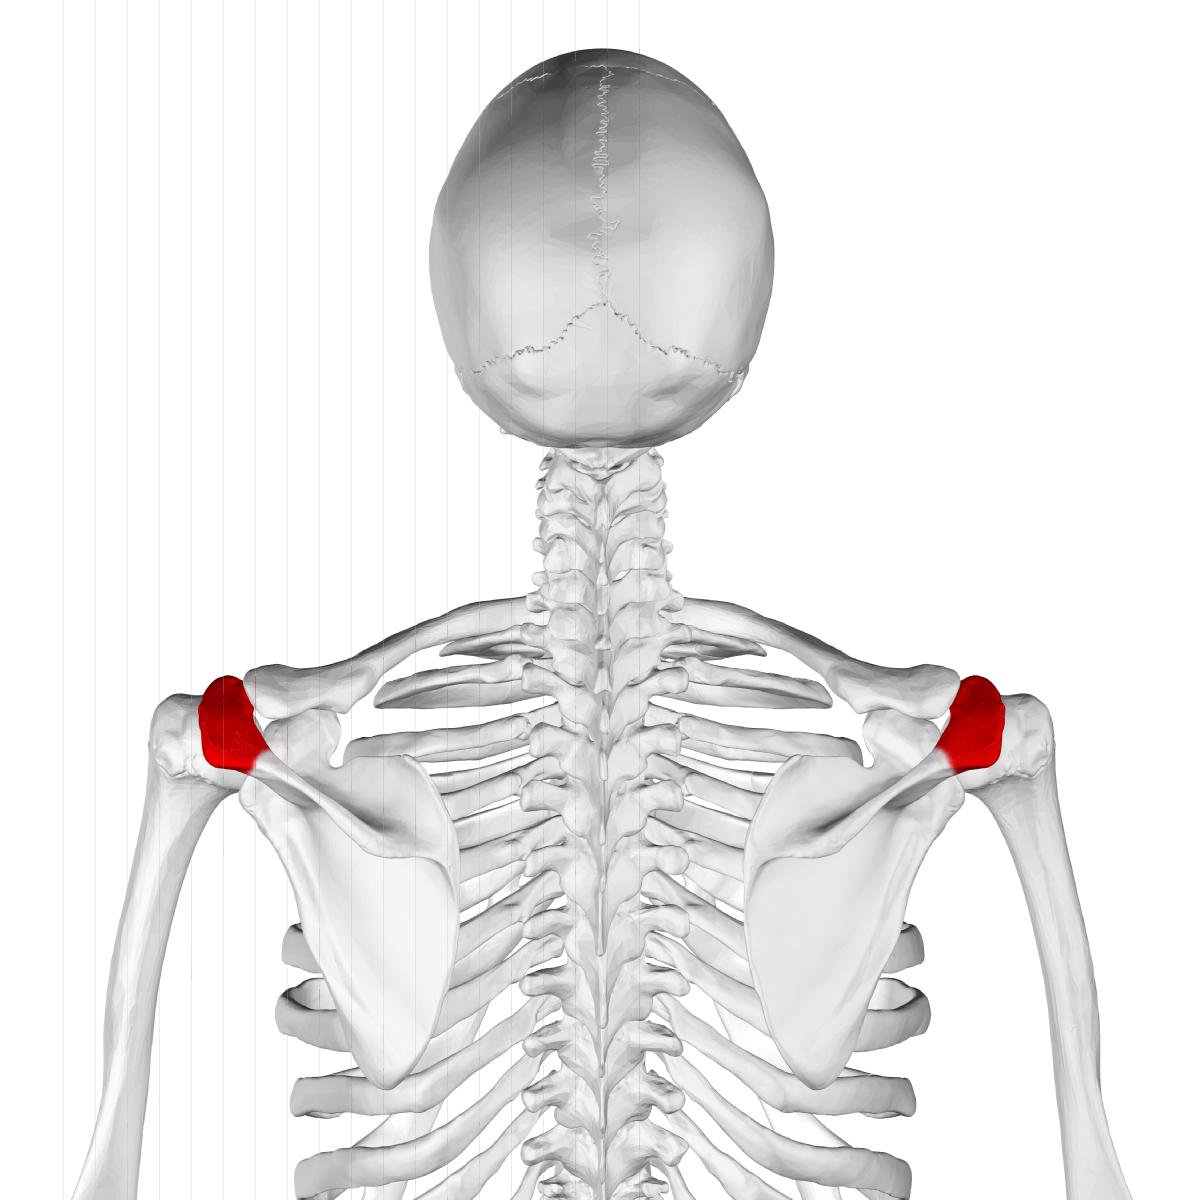 Fein Acromion Fotos - Menschliche Anatomie Bilder - madeinkibera.com
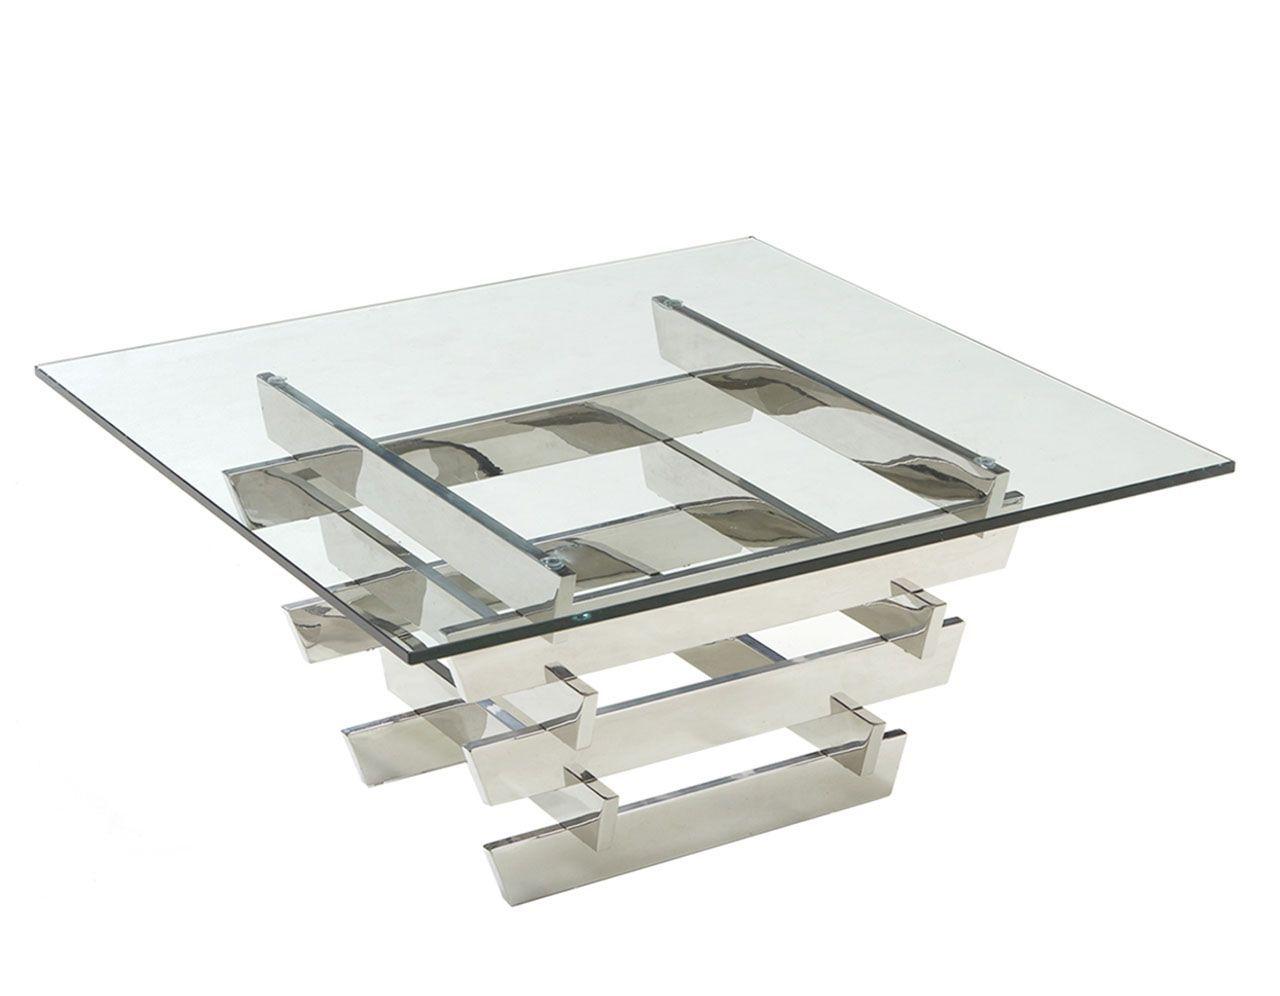 table basse inox et verre trempe carre quadrillage 80x80
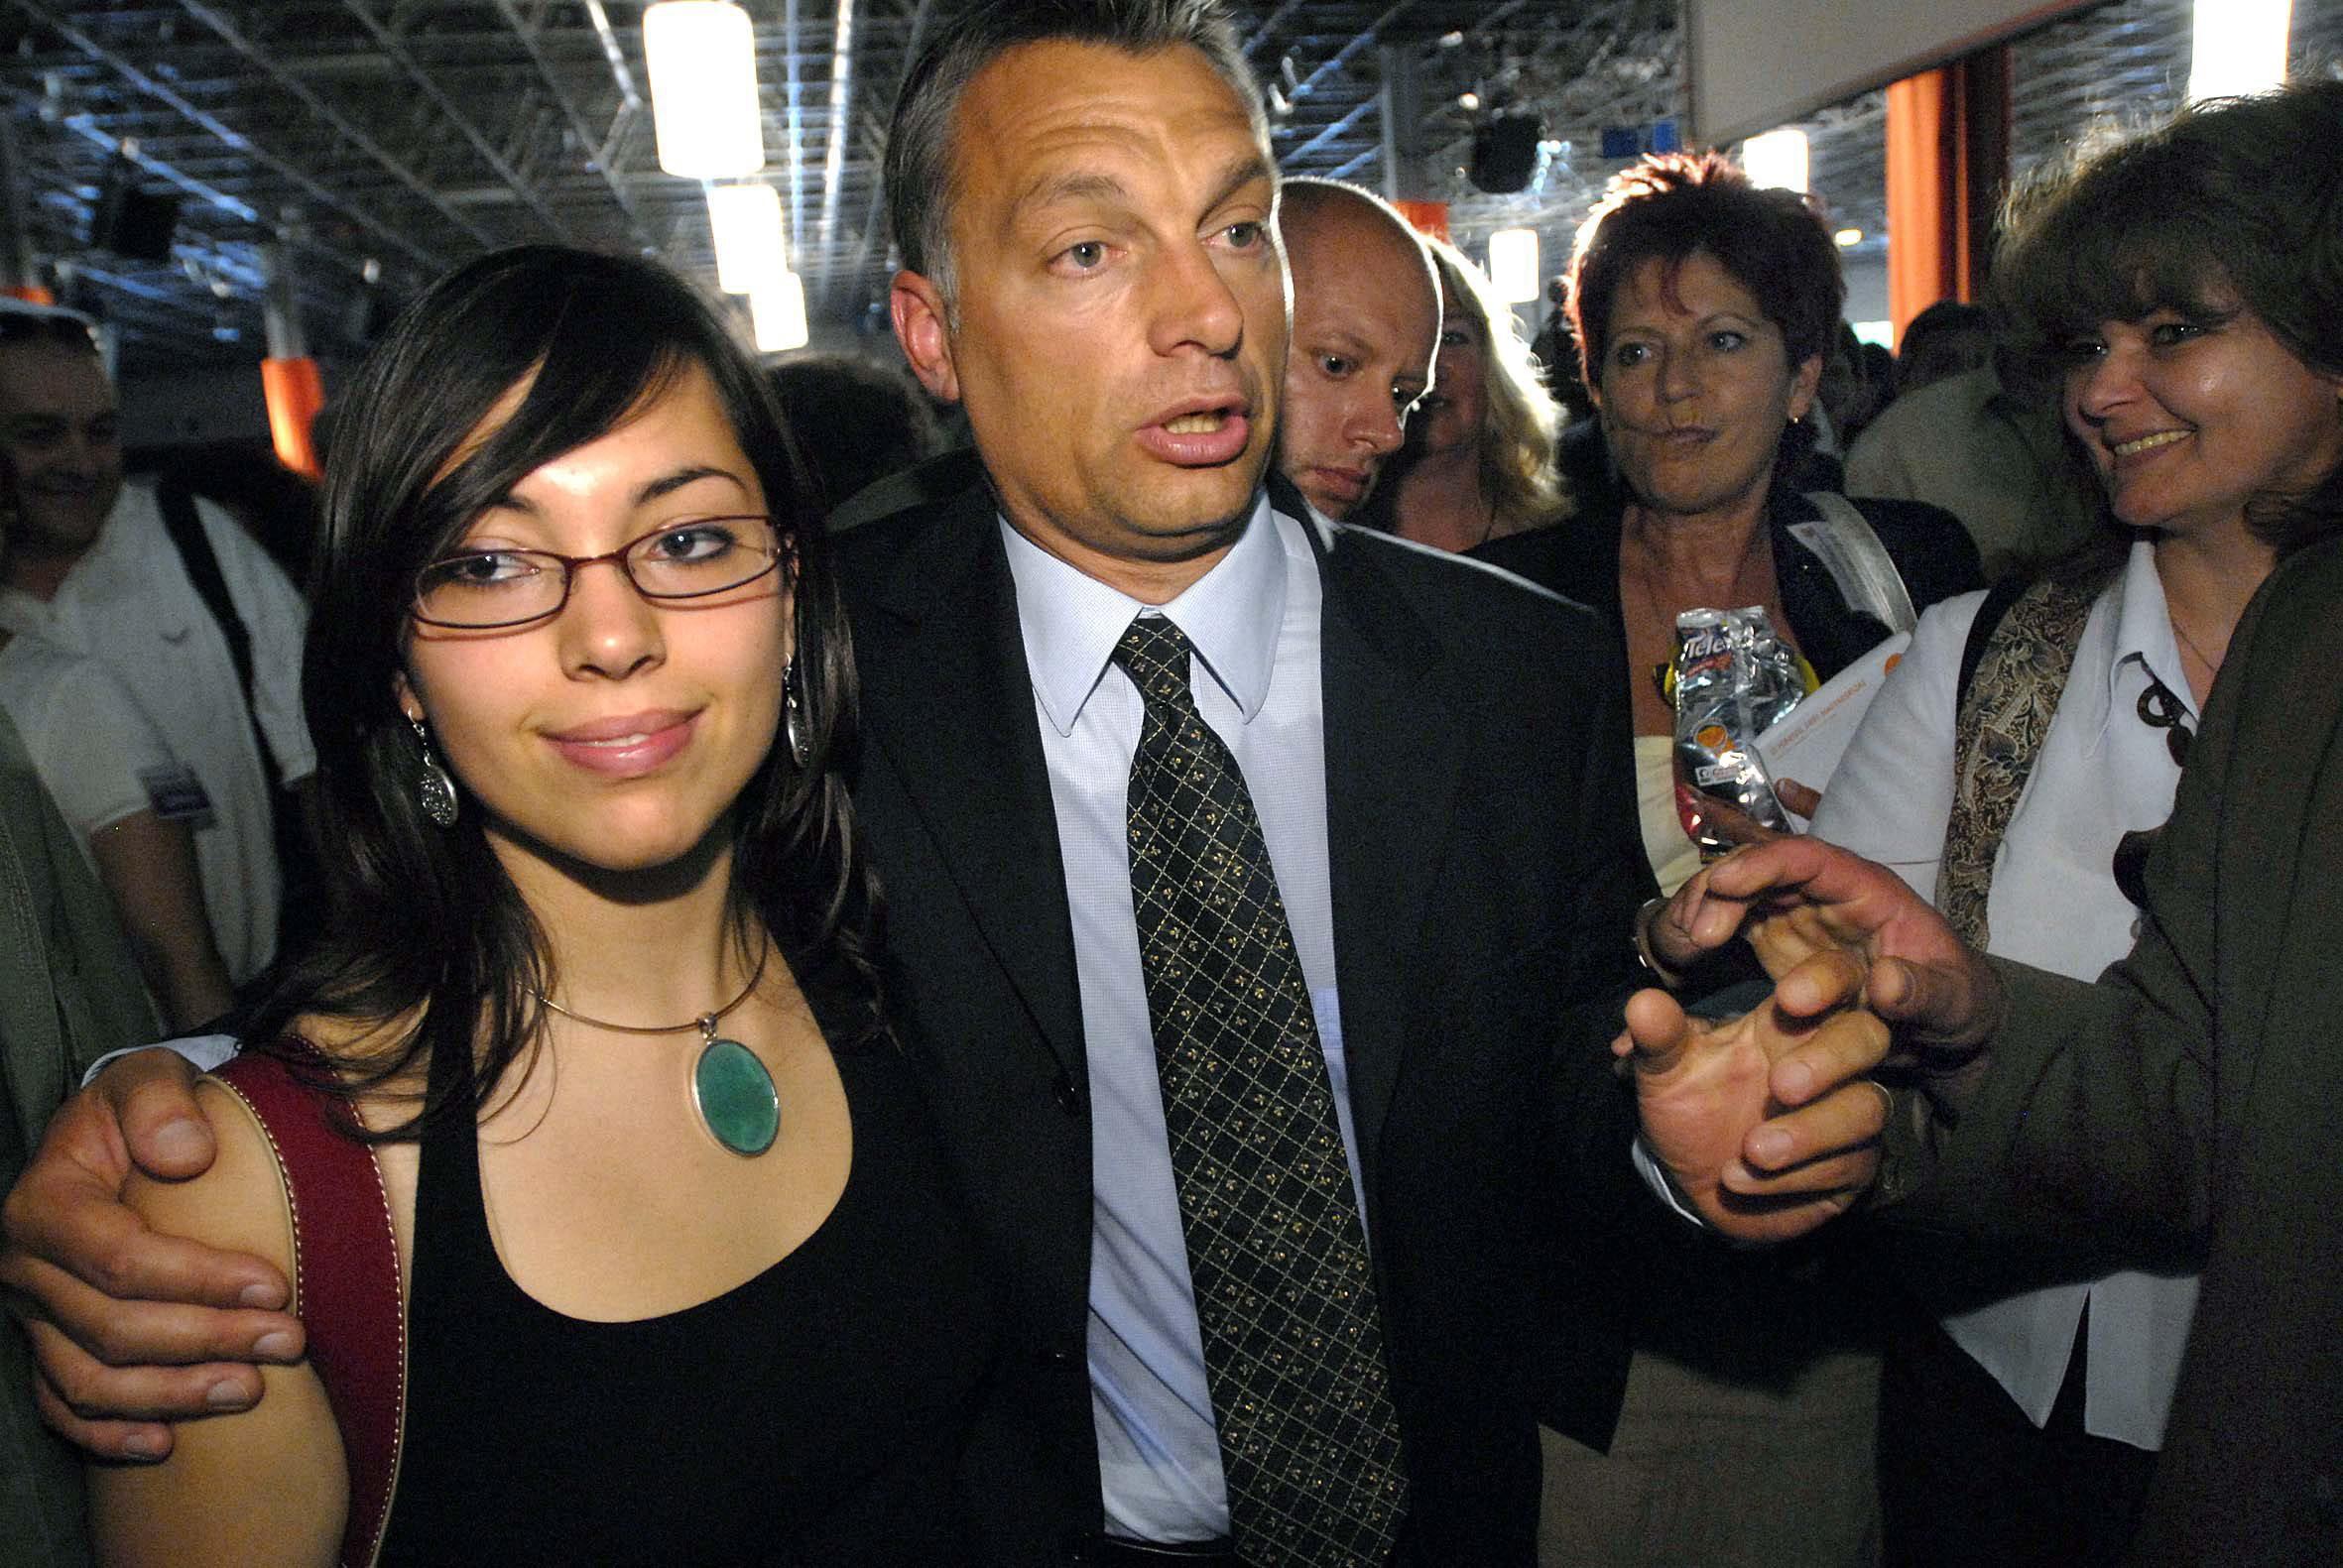 Budapest, 2007. május 20. Orbán Viktor újjáválasztott pártelnök Ráhel nevû lányával a Fidesz - Magyar Polgári Szövetség XXII. tisztújító kongresszusának végén a Hungexpo B-pavilonjában. MTI Fotó: Beliczay László

#### Exercise goal:
Give back the full listing above word for word, and let no picture through.

#### Written response:
 Fein Acromion Fotos - Menschliche Anatomie Bilder - madeinkibera.com
 table basse inox et verre trempe carre quadrillage 80x80
 Budapest, 2007. május 20. Orbán Viktor újjáválasztott pártelnök Ráhel nevû lányával a Fidesz - Magyar Polgári Szövetség XXII. tisztújító kongresszusának végén a Hungexpo B-pavilonjában. MTI Fotó: Beliczay László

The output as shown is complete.